REITS

REITS

A REIT is a company that owns and operates income-producing real estate or other related assets. Examples include shopping malls, apartment complexes, data centers, healthcare facilities, hotels, infrastructure (fiber cables, cell towers, and energy pipelines), office buildings, retail centers, timberland resorts, self-storage facilities, warehouses, and mortgages and loans. There are currently over 225 publicly-traded REITs in the U.S. Unlike other real estate companies, a REIT company does not develop properties to resell them. Instead, the REIT buys and develops properties mainly to operate them as part of its own investment portfolio.

REITS were established in 1960 by Congress as an amendment to the Cigar Excise Tax Extension. This provision allows investors to buy shares in commercial real estate portfolios. To invest in publicly traded REITs one would purchase shares through a broker. For non-traded REITs one would purchase shared through a broker or financial advisor who participates in the non-traded REIT offerings. Shares of publicly traded REITs are listed on the national securities exchange, where individual investors can easily buy and sell them. Public non-traded REITs do not trade on the national securities exchange and as a result are less liquid than their publicly traded counterparts.

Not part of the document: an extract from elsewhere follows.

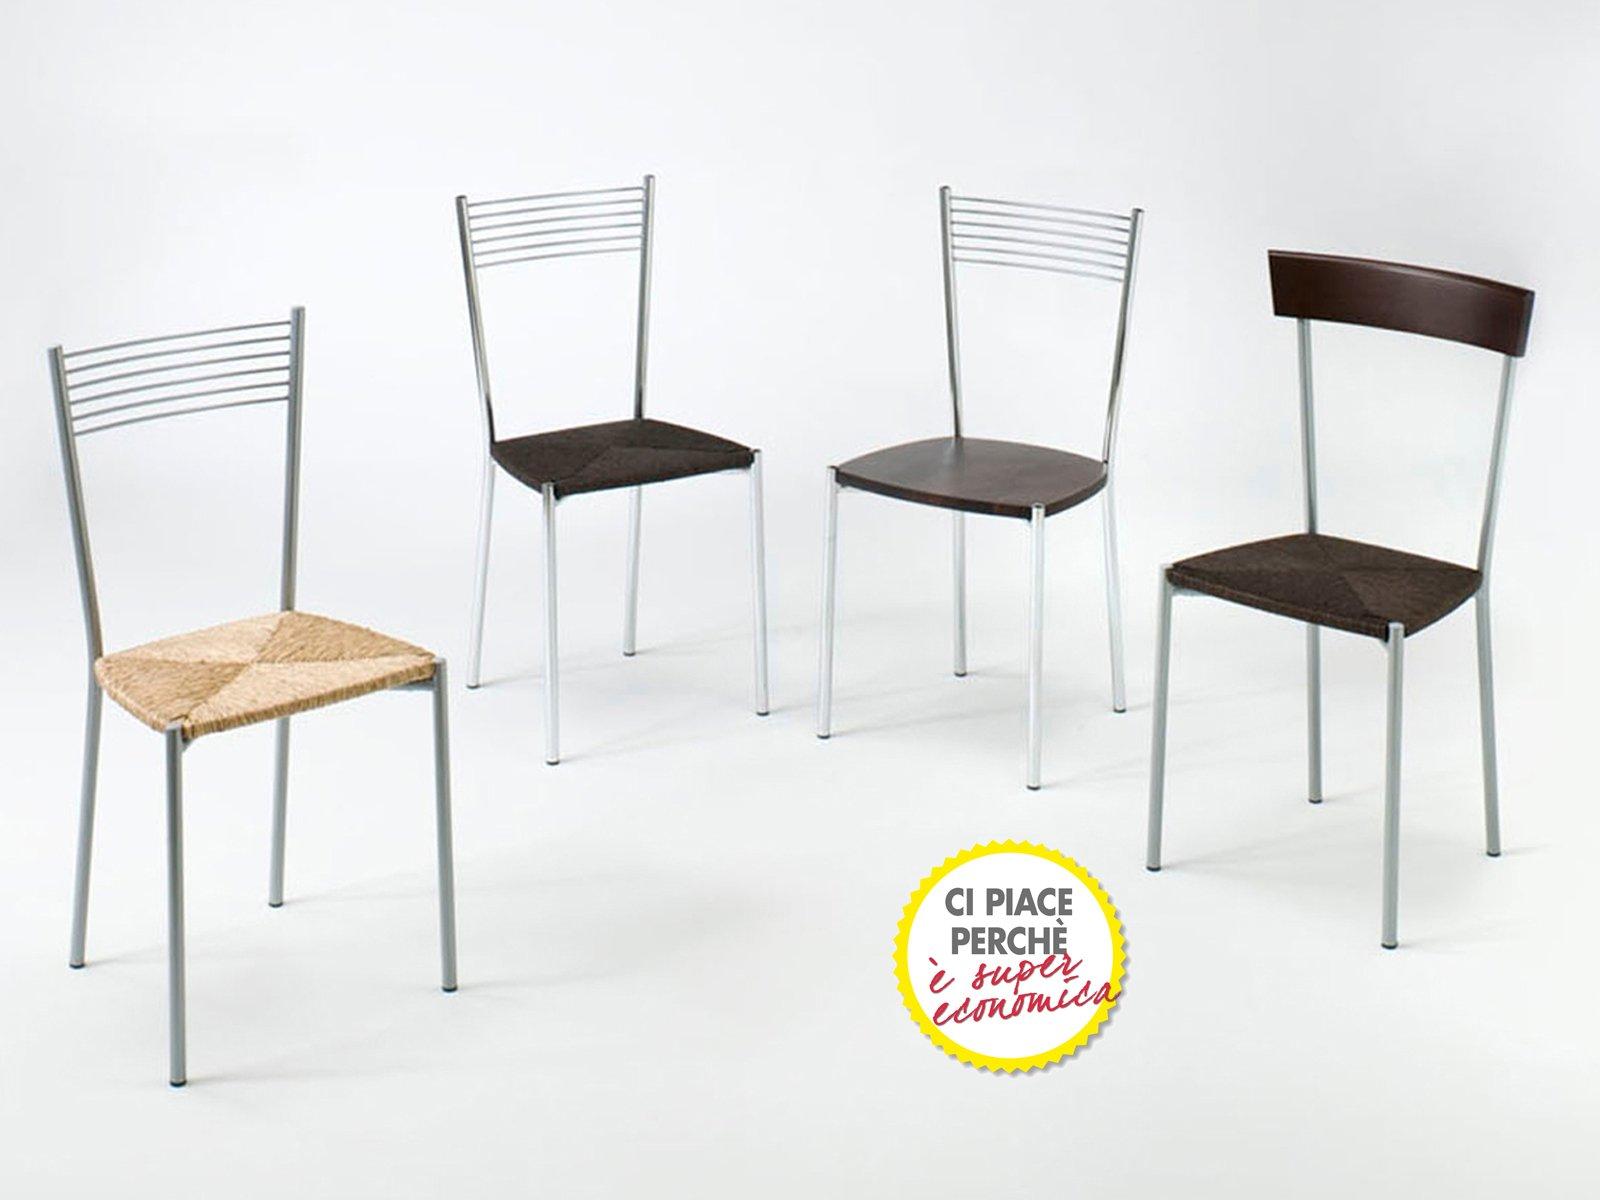 Sedie low cost 15 modelli a meno di 100 euro cose di casa for Ikea sedie legno

There are three types of REITS; Equity, Mortgage and Hybrid. The first form is an Equity REIT. An Equity REIT owns and operates income-producing real state. Rent is the primary revenue source for Equity REITs. The second type of REIT is a Mortgage REIT. Mortgage REITs provide money to real estate owners and operators either through mortgages and loans or by way of acquisition of mortgage-backed securities. Revenue is made the spread between the interest they earn on mortgage loans and the cost of funding the loans. The last kind of REIT is a Hybrid REIT that owns properties and holds mortgages, combining the investment strategies of an equity and mortgage REIT.

The REIT market is widespread providing the everyday investor a means of participating in the real estate market without having to buy and manage property.